The core targets of QFPD in counteracting ALI were also screened, and several factors, including TNF, EGFR, RELA and NR3C1, were predicted to be the core targets. The excessive production of TNF-α is closely correlated to the evolution of inflammatory illnesses, such as rheumatoid arthritis, inflammatory bowel disease, and acute respiratory distress syndrome (ARDS). Importantly, TNF-α is also crucial in the pathogenesis of COVID-19-associated cytokine storms, and the consequent progression of disease severity.4 Epidermal growth factor receptor (EGFR) is a component of ALI, and serves as the key drug target in auto-inflammatory and auto-immune illnesses.43 In addition, EGFR is associated with viral load, severity, criticality and prognosis in COVID-19 patients.44 Furthermore, RELA and NR3C1 take part in inflammation and viral infections.45,46 Together, these potential targets of QFPD further support its value as an alternative treatment against ALI.

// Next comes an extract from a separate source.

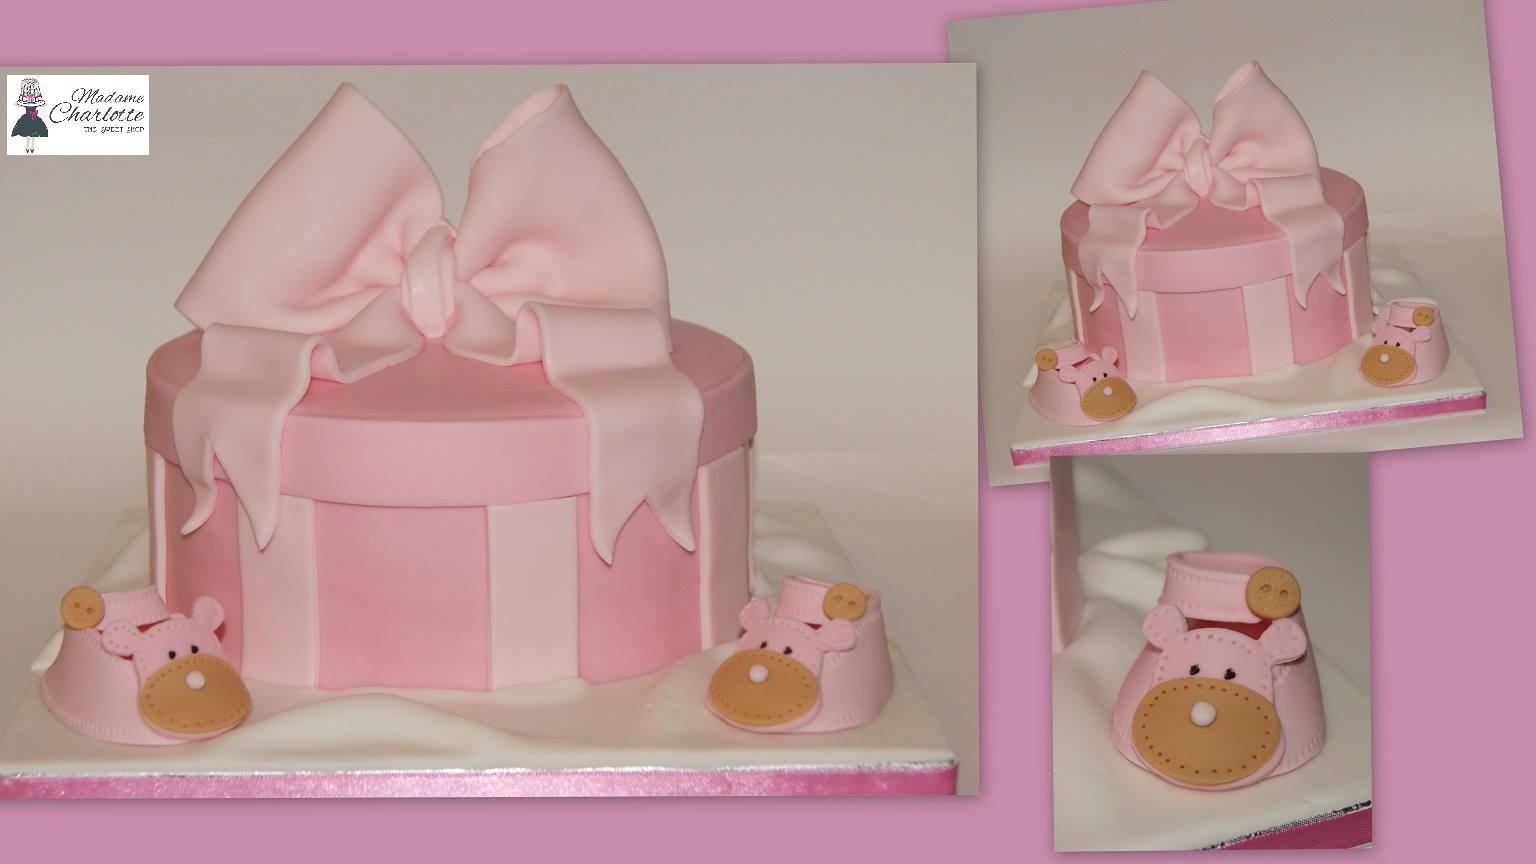 τούρτα από ζαχαρόπαστα baby shoes box, Ζαχαροπλαστείο καλαμάτα madamecharlotte.gr, τούρτες γεννεθλίων γάμου βάπτησης παιδικές θεματικές birthday theme party cake 2d 3d confectionery patisserie kalamata

ALI in COVID-19 is characterized by the activation of inflammatory pathways and large amounts of inflammatory factors.47,48 The present GO results suggest that the target genes of QFPD are closely connected to inflammatory response and metabolic processes, including the complement component C5a signaling pathway and its receptor activity. The KEGG results revealed that various inflammatory signaling pathways are involved, including the IL17 signaling pathway, complement, and coagulation cascades. The complement signaling pathway significantly contributes to the systemic inflammatory response. After binding to its receptor, this can activate its effector, and induce the production of inflammatory cytokines.49–52 Through its receptors, IL17 activates various pathways, which consist of NF-κB, MAPKs and C/EBPs, triggering the production of cytokines and chemokines.53 The inflammatory factors and pathways above may be the crucial routes for COVID-19 to induce ALI. Through network pharmacological analysis, C5, C3, C5aR1, TNF and EGFR were identified as the potential targets of QFPD, and further experiments confirmed the requirement of the classical complement pathway for the anti-ALI effects of QFPD. Together, the present study revealed that QFPD may exert anti-ALI effects through multiple targets and pathways.